It was late summer, and I was sitting at my desk when my wife, Bonnie, called. She’d just taken our 8-year-old daughter Emily for her school physical. Bonnie’s voice quavered as she told me that our family physician had heard something “loud and unusual” in Emily’s chest. She recommended that we see a pediatric cardiologist. I sat stunned, trying to digest this news, so out of the blue, so unsettling, that I didn’t want to believe it.
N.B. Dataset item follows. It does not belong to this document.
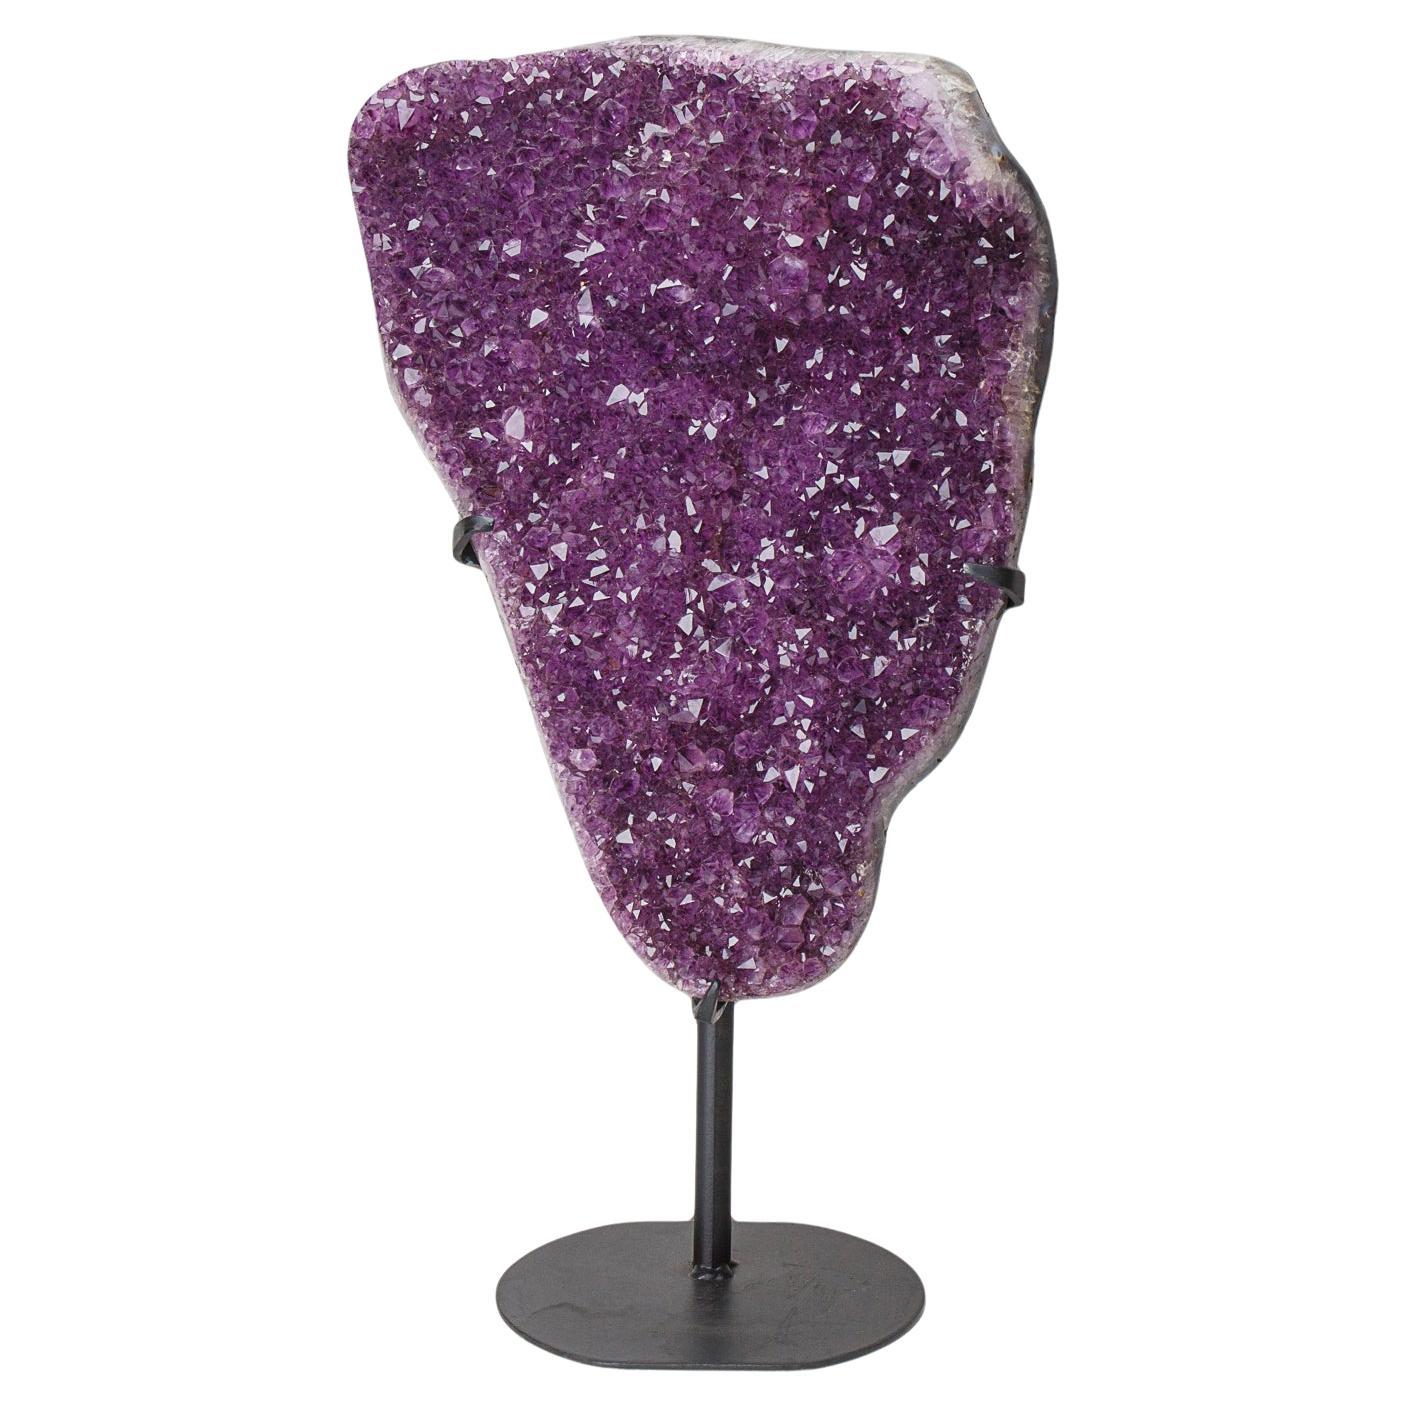 Genuine Amethyst Crystal Cluster on Stand from Brazil (32.5 lbs)

At the appointment with the cardiologist shortly afterward, we were at first buoyed by his upbeat manner as he reviewed Emily’s EKG, which seemed normal. But his jocularity dissolved into somberness as he listened to Emily’s chest. Something was wrong. Next was the echocardiogram. We sat glued to the monitor, watching the beating of our daughter’s heart, wondering what it meant. Then the cardiologist confirmed what we feared—there was a problem.
He took out his paper tablet with a human heart stenciled on each page and began to draw as he explained what was wrong. Emily had a patent (open) ductus arteriosus. This is a vessel that substitutes for the lungs while a baby is still in utero. Once a baby is born and the lungs take over, the vessel is no longer needed and, in people with normally functioning hearts, it closes. In Emily’s case, the vessel never closed. As he explained the dangers of an open vessel, including infection, heart failure, and arterial hypertension, I felt a massive knot forming in my stomach.